Take this as a clue. When an expert shoots off his mouth and avoids giving the facts of the matter, he's BSing. It takes 100s of mgs of morphine to kill and if there was any truth to the matter of versed overdose, numbers would have been given, not just BS. See if the con gave out the real numbers, he'd be making a public fool of himself. He didn't, because he knows the results have been sealed and it would make a lawsuit by those slandered easier. If the numbers showed a lethal dose, he'd have no problem giving them out.
Also, the only reason the prosecutor would not present a tox report is if the tox report showed no evidence a lethal dose was administered. 8mg is not a lethal dose.
It is a greater sin to kill a patient than to abandon a patient.
THere was no lethal dose involved and no such discussion of causing death occurred.
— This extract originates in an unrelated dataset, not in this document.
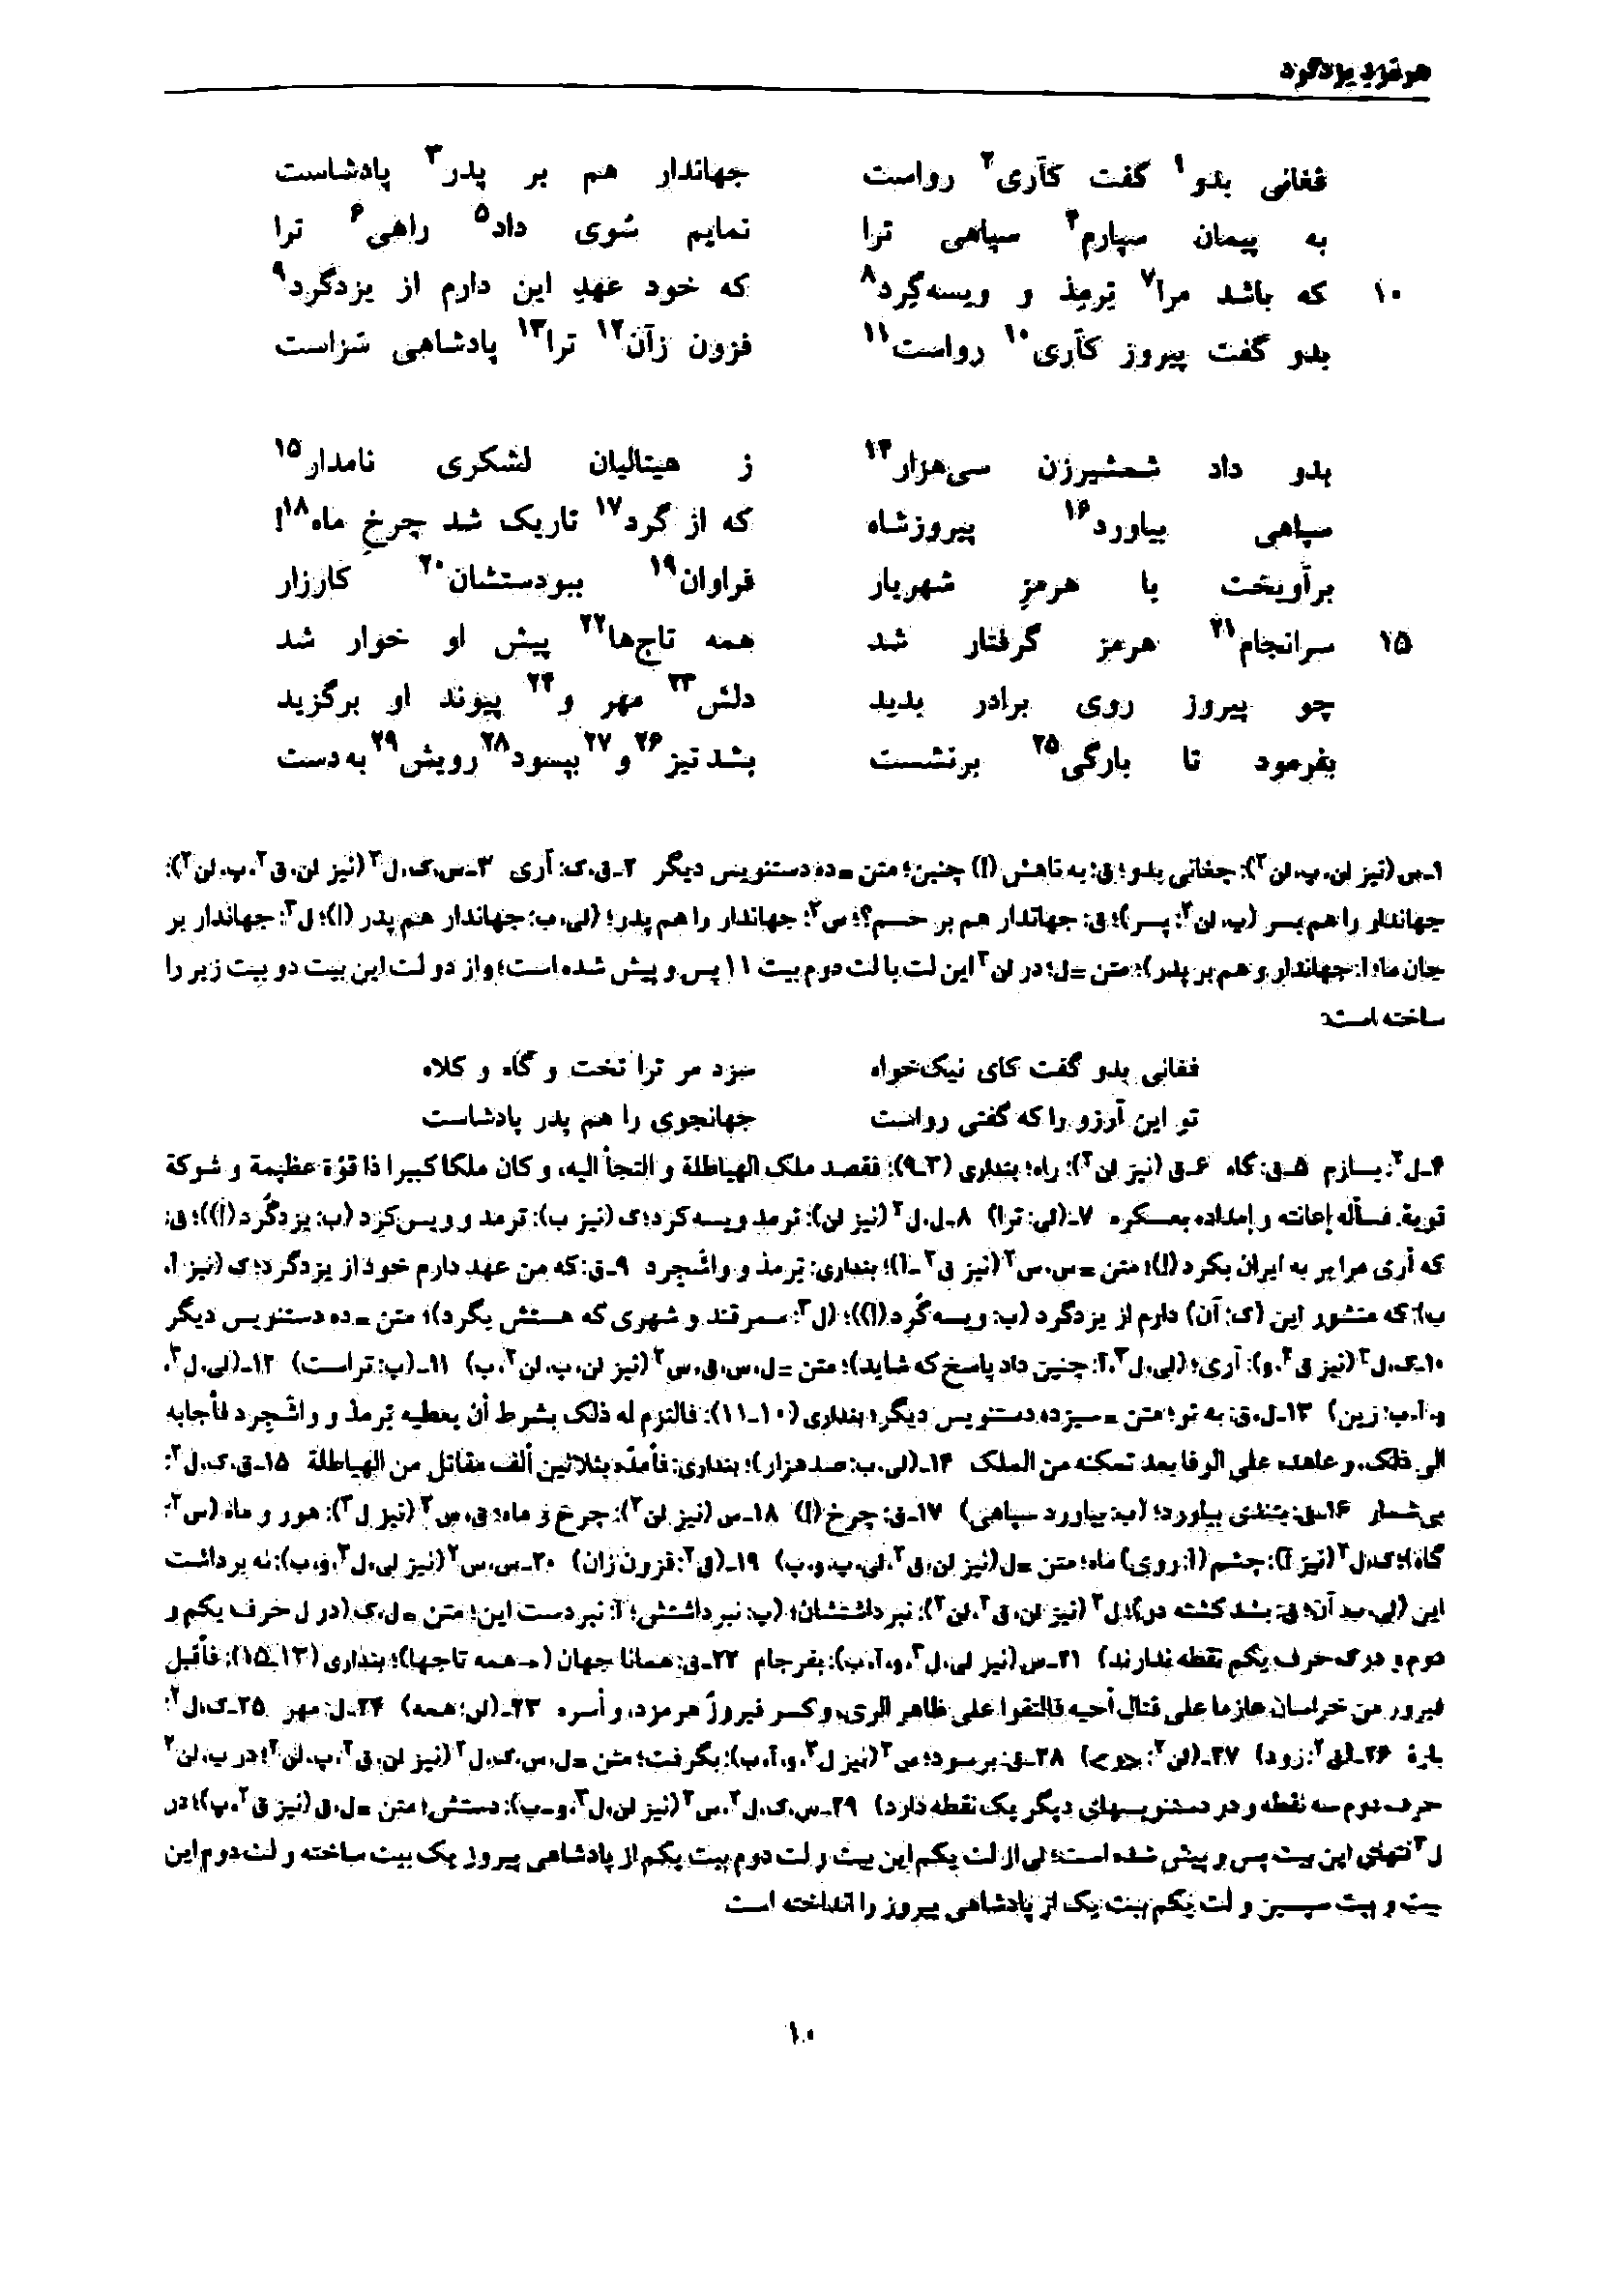 vol. 7, p. 10

Agreed. This is definitely a situation where we don’t have enough facts to assume a crime was committed. Since a grand jury with access to the facts didn’t indict, I’m going with their decision.
LOL!
So they didn't document, and this further demonstrates that they discussed euthenasia and tried to hide it? LOL--
You might be surprised at what is "discussed" every day in a hospital, and remains undocumented. And those are not even under the duress of natural catastrophe.
Newsflash--the evidence of discussion is hearsay, and even if they did discuss, discussing is discussing, not doing.
The court found that these patient’s were not killed. They were given sedation and analgesics for comfort.
sigh, well, yes...I was using that as an example of how juries do more than listen to live witnesses. Juries of ALL kinds see MORE than live witnesses testifiying.
But as I said, IF you want a jury to believe your expert, you must bring him to testify live. Reading his report and/or deposition simply will not do. Nor should it in a criminal case.
Your gripe with with the prosecution and legal tactics. Or maybe with the judge who supervised.
President Bush should bring federal civil rights charges against this doctor, like they did in the sixties when southern juries wouldn’t convict KKK members.